- Official film poster
- Directed by: Ali Seezan
- Written by: Yoosuf Shafeeu
- Produced by: Ismail Shafeeq
- Starring: Yoosuf Shafeeu Ali Seezan Mariyam Azza Aminath Rishfa
- Cinematography: Ibrahim Wisan
- Edited by: Yoosuf Shafeeu
- Music by: Mohamed Ikram
- Production companies: Shy Productions Saturn Studio
- Release date: 5 November 2025;
- Country: Maldives
- Language: Dhivehi

= Koss Gina Mistake =

Koss Gina Mistake initially titled as Kos Gina Mistake is a Maldivian comedy film directed by Ali Seezan. Produced by Ismail Shafeeq under Shy Productions in association with Saturn Studio, the film stars an ensemble cast including Yoosuf Shafeeu, Mariyam Azza, Ali Seezan, Mariyam Azza and Aminath Rishfa in pivotal roles. The film was scheduled for a theatrical release on 5 November 2025.

== Cast ==
- Yoosuf Shafeeu as Amsadh
- Mariyam Azza as Shaina
- Ali Seezan as Arumin
- Aminath Rishfa as Shaima
- Ahmed Nimal as Hashim
- Mariyam Shifa as Raaniya
- Ali Azim as Fazeen
- Mohamed Jumayyil as Fazeel
- Hamid Ali as Hamza
- Abdullah Shafiu Ibrahim as Faathih
- Ahmed Shakir as Love
- Shaheedha Ahmed as Malika
- Gulisthan Mohamed as Raudha
- Ahmed Aman Ali as Najih

==Development==
After the success of VMedia's first feature film Dhauvath (2019), the company, on 12 August 2019, announced their next venture titled Kos Gina Mistake which features an ensemble cast including Yoosuf Shafeeu, Ali Seezan, Nuzuhath Shuaib, Ali Azim, Mariyam Azza and Ahmed Easa. Shooting for the film was commenced on 25 August 2019 in ADh. Fenfushi. The team flew back to Male' on 30 September 2019, upon completion of the scheduled shoot at Fenfushi. On 9 January 2020, Ismail Shafeeq was reported to join the crew of the film to co-produce the film. Filming of the six scenes left incomplete during the initial schedule was completed in March 2020. In 2021, due to certain conflicts between VMedia and Shafeeu, the film was announced to be shelved with no prospects of a theatrical release.

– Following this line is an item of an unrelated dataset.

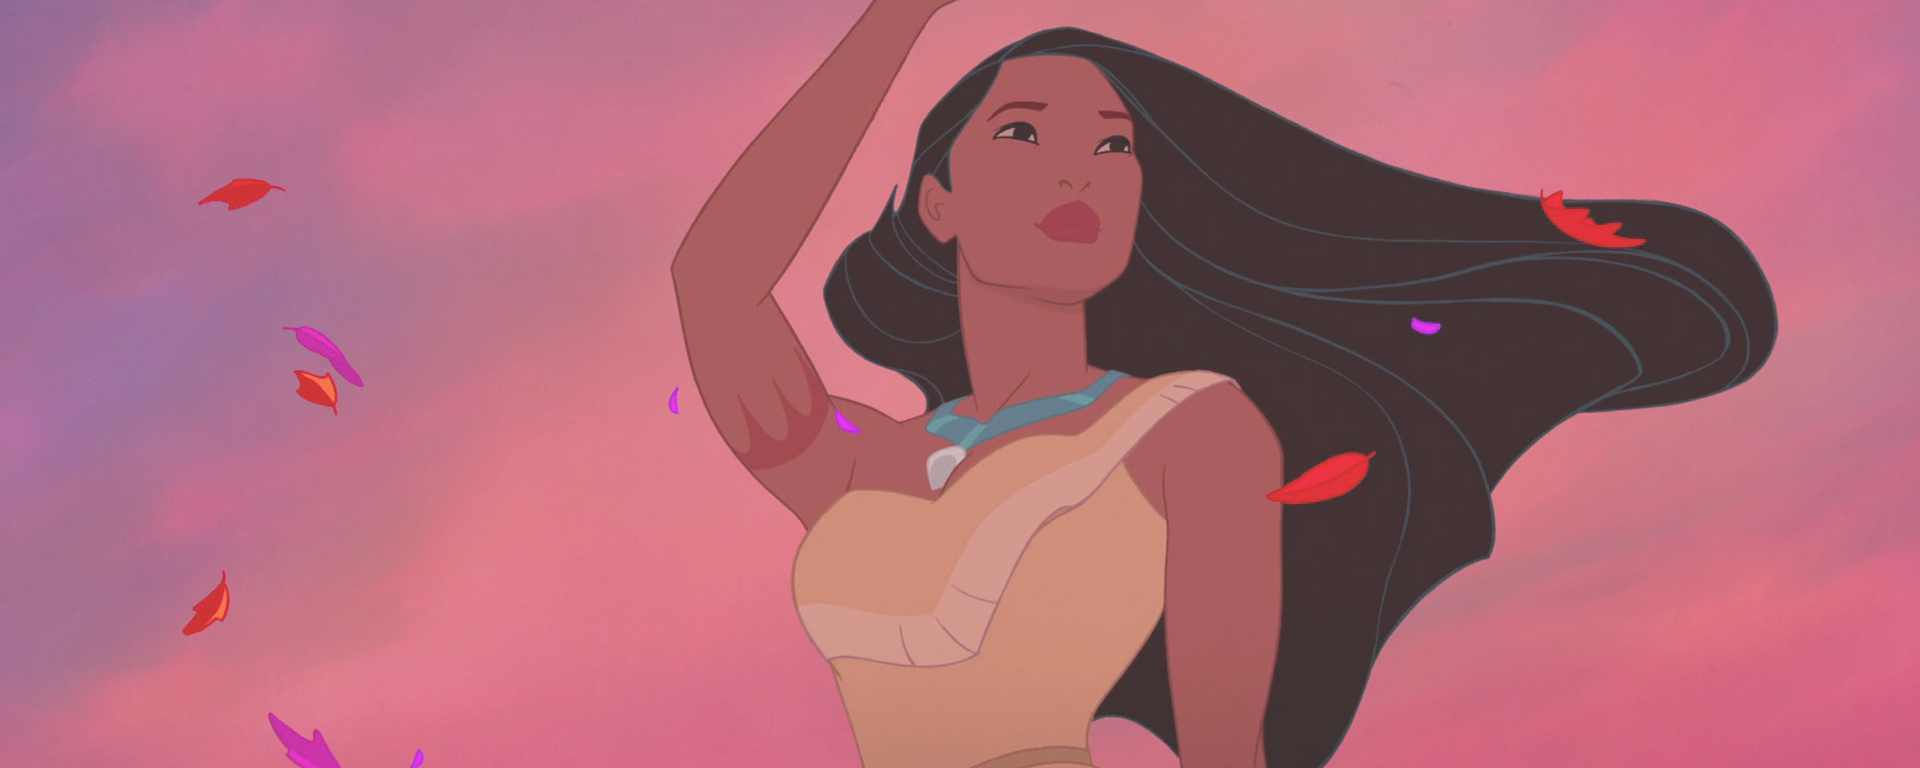 Pocahontas film

However, in January 2025, Saturn Studio re-launched the project with several changes to the crew and cast. While Shafeeu returned as the screenwriter, Ali Seezan took over as director, replacing Shafeeu. Casting changes included Mariyam Azza replacing Nuzuhath Shuaib in the role of Shaina, and Aminath Rishfa taking over the role of Shaima, originally played by Azza. Mariyam Shifa joined the cast as Raaniya, replacing Irufana Ibrahim. Meanwhile, Mohamed Jumayyil and Ahmed Shakir replaced Ahmed Easa and Ahmed Saeed respectively.

==Soundtrack==

Track listing
| No. | Title | Singer(s) | Length |
|---|---|---|---|
| 1. | "Dhanvaru Dhanvaru" | Shaza Abdulla Rasheed | 2:59 |
| 2. | "Reethi Meehun" | Abdullah Shafiu Ibrahim, Mariyam Ashfa | 5:02 |
| 3. | "Loabi Dhee" | Abdullah Shafiu Ibrahim | 5:33 |
| 4. | "Rani Rani" | Shaza Abdulla Rasheed, Hassan Tholaq | 4:30 |
| 5. | "Kessaa Veynaa" | Mariyam Ashfa, Mohamed Abdul Ghanee | 3:39 |
| 6. | "Fari Kan'bulo" | Hassan Ilham, Shifa Thaufeeq | 5:25 |
| 7. | "Kos Gina Mistake" (Promotional song) | Hassan Jalaal, Mohamed Abdul Ghanee | 3:09 |

==Release==
In the event of film announcement, director Yoosuf Shafeeu indicated that the film was scheduled to release in November 2019. However, citing the delay in completion of filming and considering the "unfavourable" nature of releasing the film during the year end, the team announced that the film will release in 2020. Planned to release in July or August 2020, the team later postponed the premiere of the film indefinitely due to COVID-19 pandemic.

The film was finally announced to be released theatrically on 5th November 2025.